Charles Page Bryan (October 2, 1856 – March 12, 1918) was an American lawyer and diplomat.[1]

Bryan was born in Chicago, Illinois, on October 2, 1856. He received his preparatory education in that city, subsequently becoming a student at the University of Virginia and later taking his degree in law at Columbian University (now George Washington University), Washington, D. C. From 1879 to 1883 he practiced his profession in Colorado and also took an active part in politics, being elected to the Colorado House of Representatives in 1880. In 1883 he returned to his former home, Chicago, where he soon became a leader in State politics. He served as a member of the Illinois House of Representatives from 1888 to 1897 and also served on the staffs of three successive governors of the State, in each instance with the rank of colonel. In 1891 and 1892 he made tours of Europe in the interest of the Chicago Exposition, making the acquaintance of many of the foremost rulers and statesmen of the countries visited.[2]

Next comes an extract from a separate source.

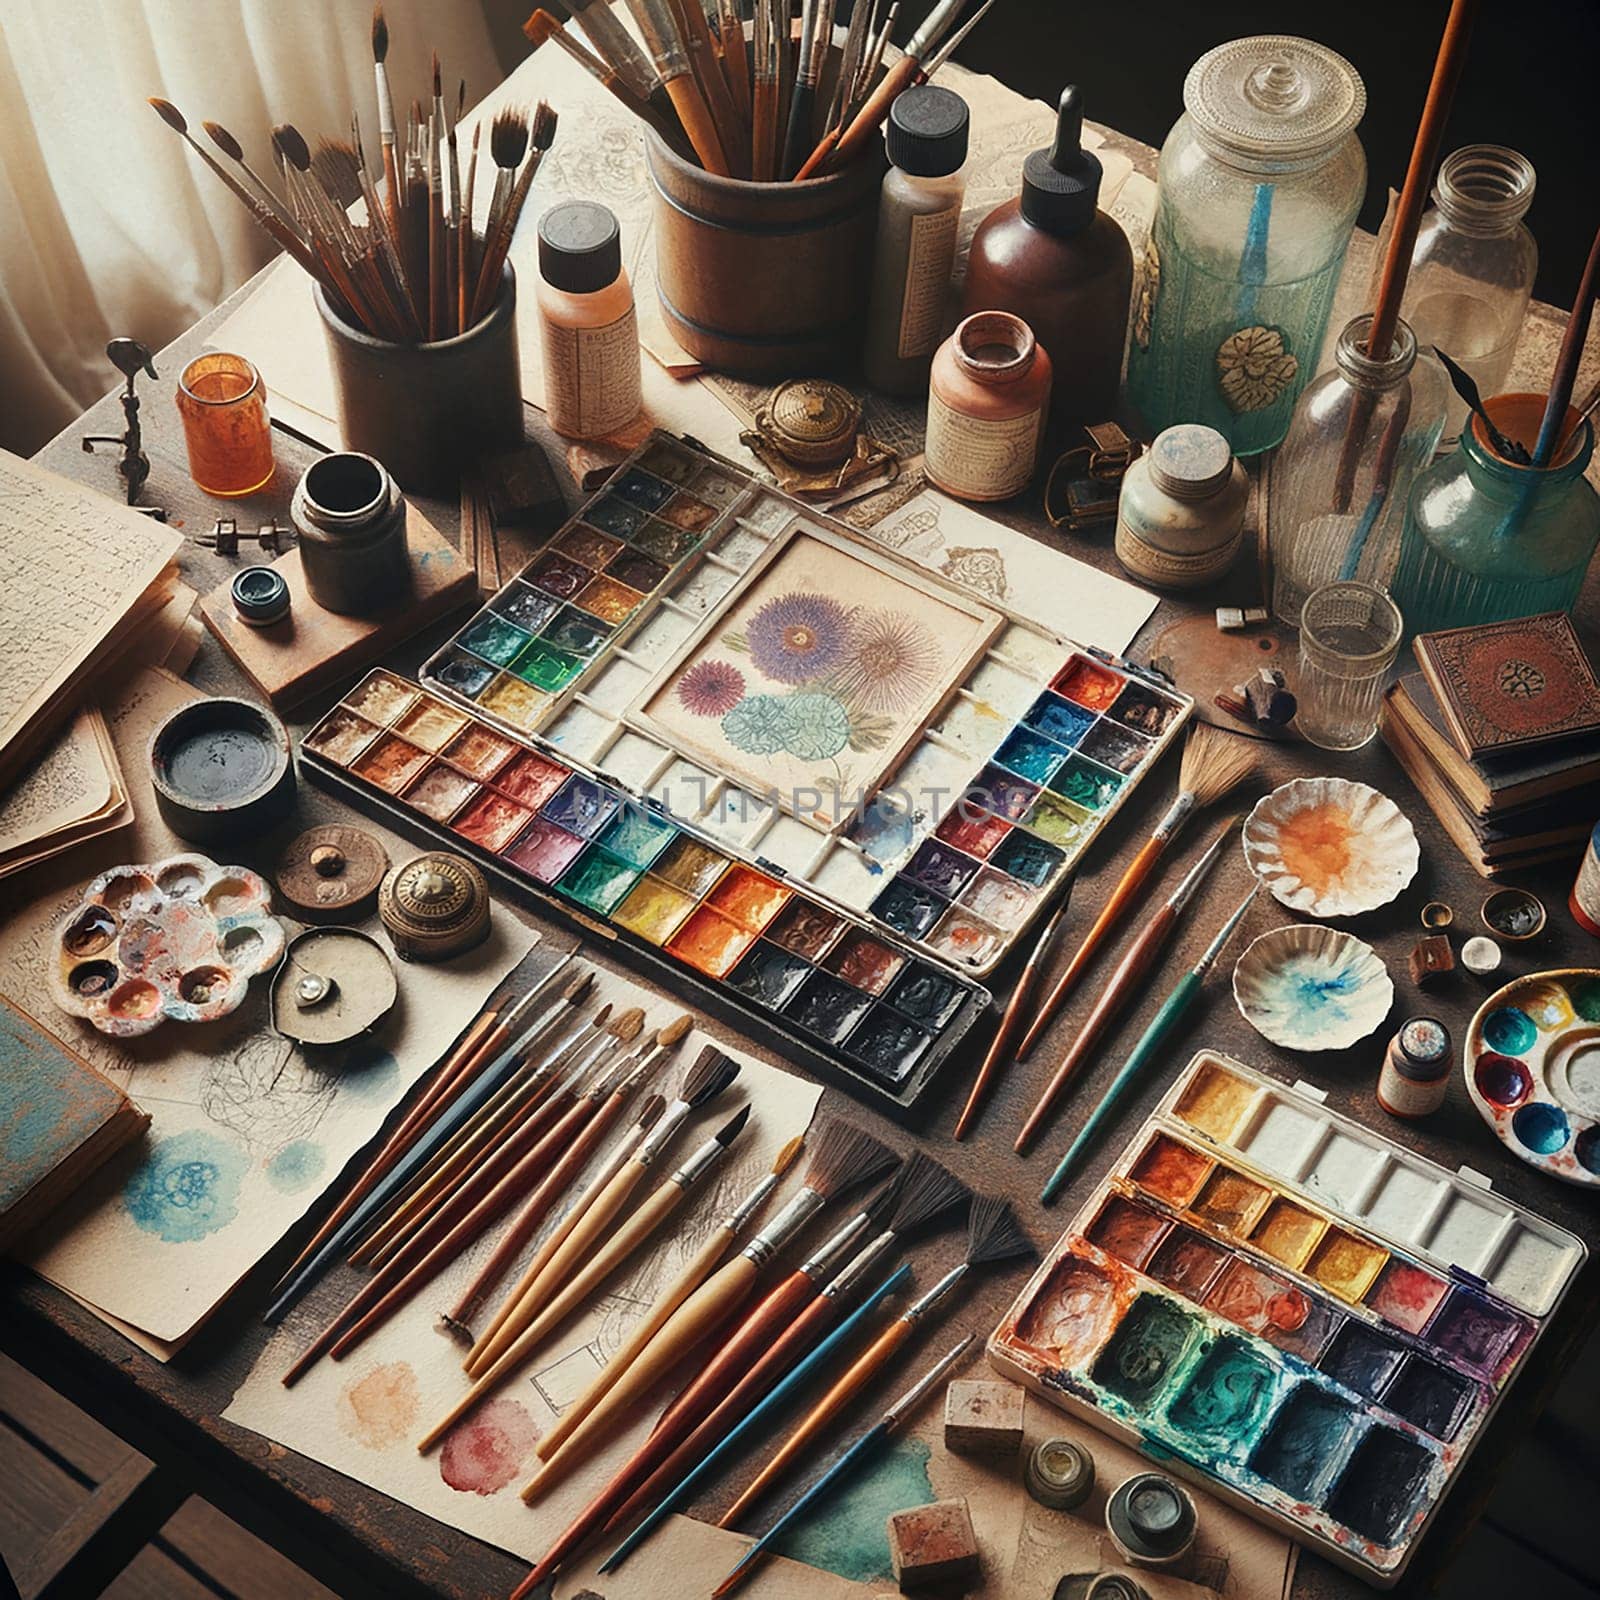 Inspired Workspace: Artistic Mock-up with Vintage Aesthetic by Petrichor

His diplomatic career really began in 1897, when he was appointed minister to China by President William McKinley. The following year he received the appointment as envoy to Brazil. In this role, he laid the firm foundation for the cordial relations between the United States and Brazil. In 1902 he was transferred to Switzerland, but in a few months thereafter (January 1903) he was given the more important post of minister to Portugal, where he remained for six years. In 1909 he was transferred as minister to Belgium, and after serving two years became ambassador to Japan.[2][3]

He retired from the diplomatic service in 1912, and later made his home in Washington and Chicago, dividing his time between the two cities. He was a member of the Society of the Cincinnati, of the Society of Foreign Wars, a veteran of the Spanish-American War, and was a member of leading clubs in New York, Washington, and Chicago. He died in Washington, D. C., March 12, 1918.[2][4]